Sinfunções de retirada observadas na descontinuação do tratamento com ISRS:
Sinfunções de retirada quando o tratamento é descontinuado são comuns, particularmente se a descontinuação for abrupta (ver secção 4.8). Em ensaios clínicos, os eventos adversos observados na descontinuação do tratamento ocorreram em aproximadamente 60% dos doentes, tanto nos grupos da fluoxetina como do placebo. Destes eventos adversos, 17% no grupo da fluoxetina e 12% no grupo do placebo eram de natureza grave.

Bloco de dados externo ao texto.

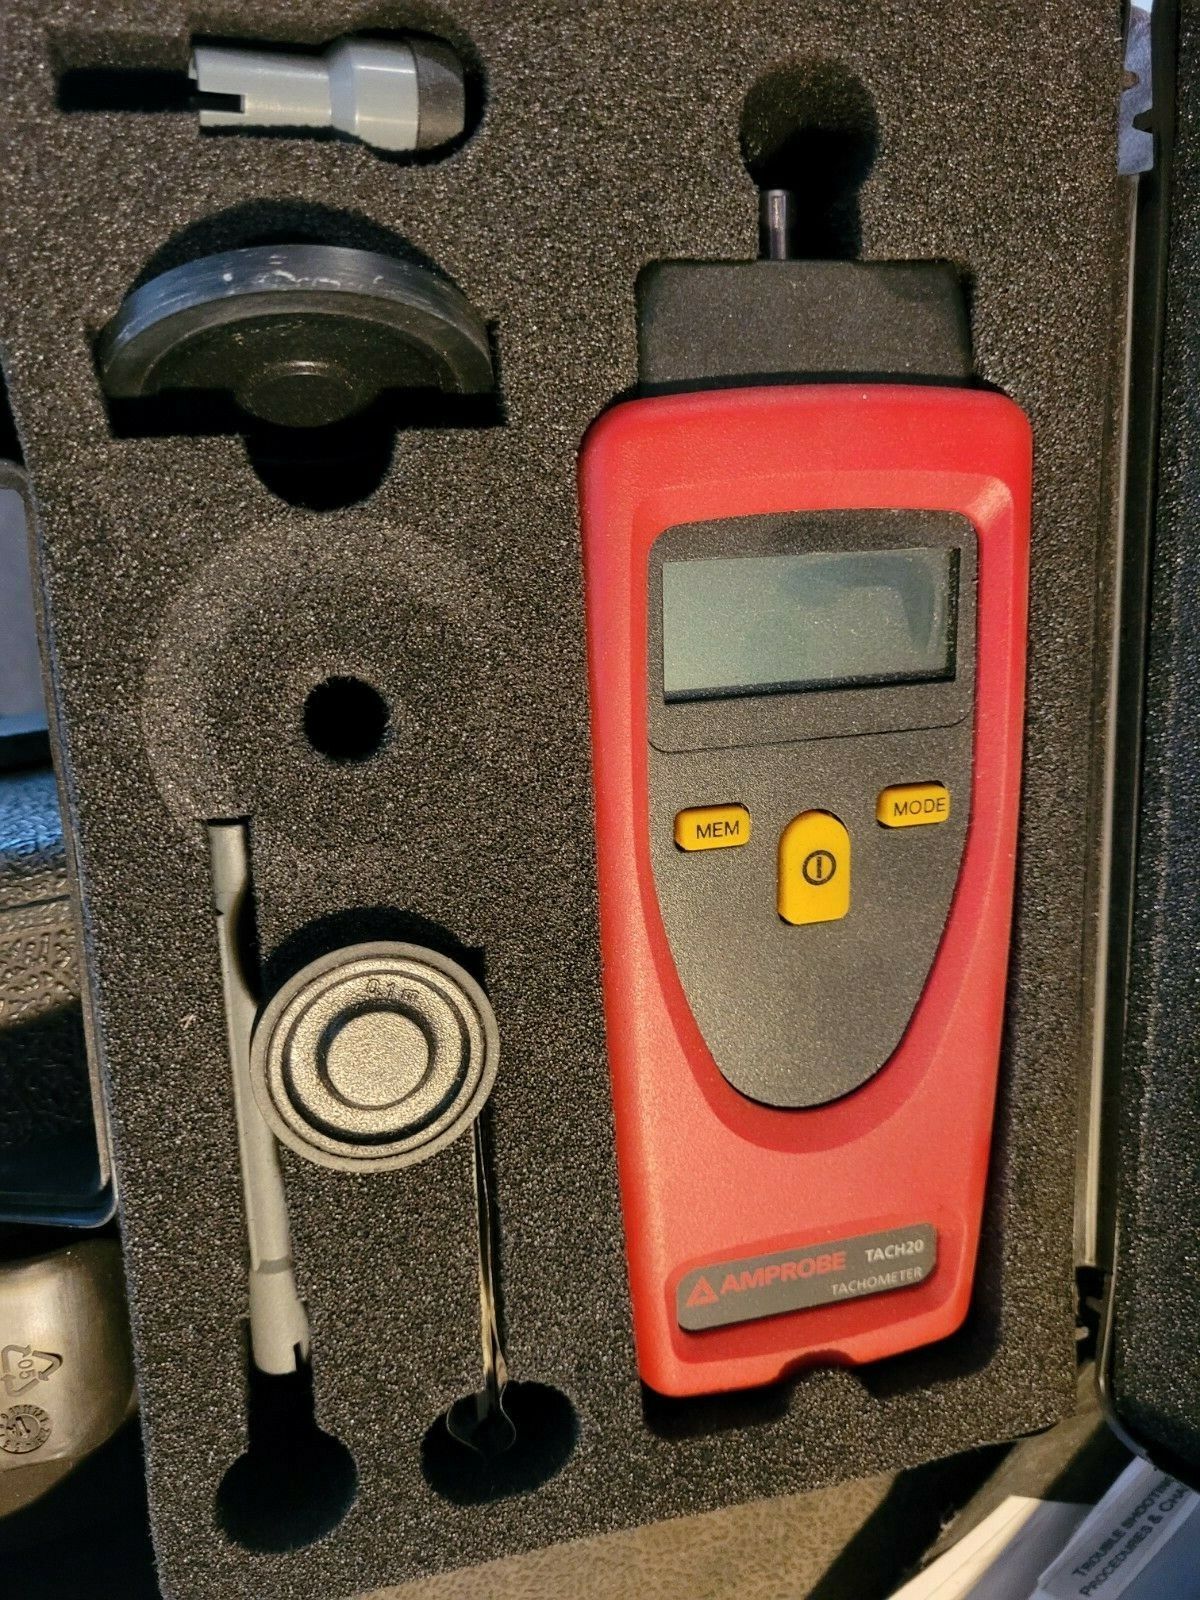 Amprobe Tach20 Digital Handheld Tachometer w/ case and user manual

O risco de sintomas de abstinência pode depender de vários factores, incluindo a duração e dose da terapia e a taxa de redução da dose. Tonturas, perturbações sensoriais (incluindo paraestesia), perturbações do sono (incluindo insónia e sonhos intensos), astenia, agitação ou ansiedade, náuseas e/ou vómitos, tremores e dores de cabeça são as reacções mais frequentemente relatadas. Geralmente, estes sintomas são leves a moderados; contudo, em alguns pacientes podem ser graves em intensidade. Normalmente ocorrem nos primeiros dias após a interrupção do tratamento. Geralmente, estes sintomas são auto-limitados e normalmente resolvem-se no prazo de 2 semanas, embora em alguns indivíduos possam ser prolongados (2-3 meses ou mais). Aconselha-se, portanto, que a Fluoxetina seja gradualmente cónica ao interromper o tratamento durante um período de pelo menos uma a duas semanas, de acordo com as necessidades do doente (ver secção 4.2).
Midríase:
Midríase foi relatada em associação com a fluoxetina; portanto, deve-se ter cuidado ao prescrever fluoxetina em doentes com pressão intra-ocular elevada ou em risco de glaucoma agudo de ângulo estreito.
Lactose:
Patientes com problemas hereditários raros de intolerância à galactose, deficiência total de lactase ou má absorção de glucose-galactase não devem tomar este medicamento.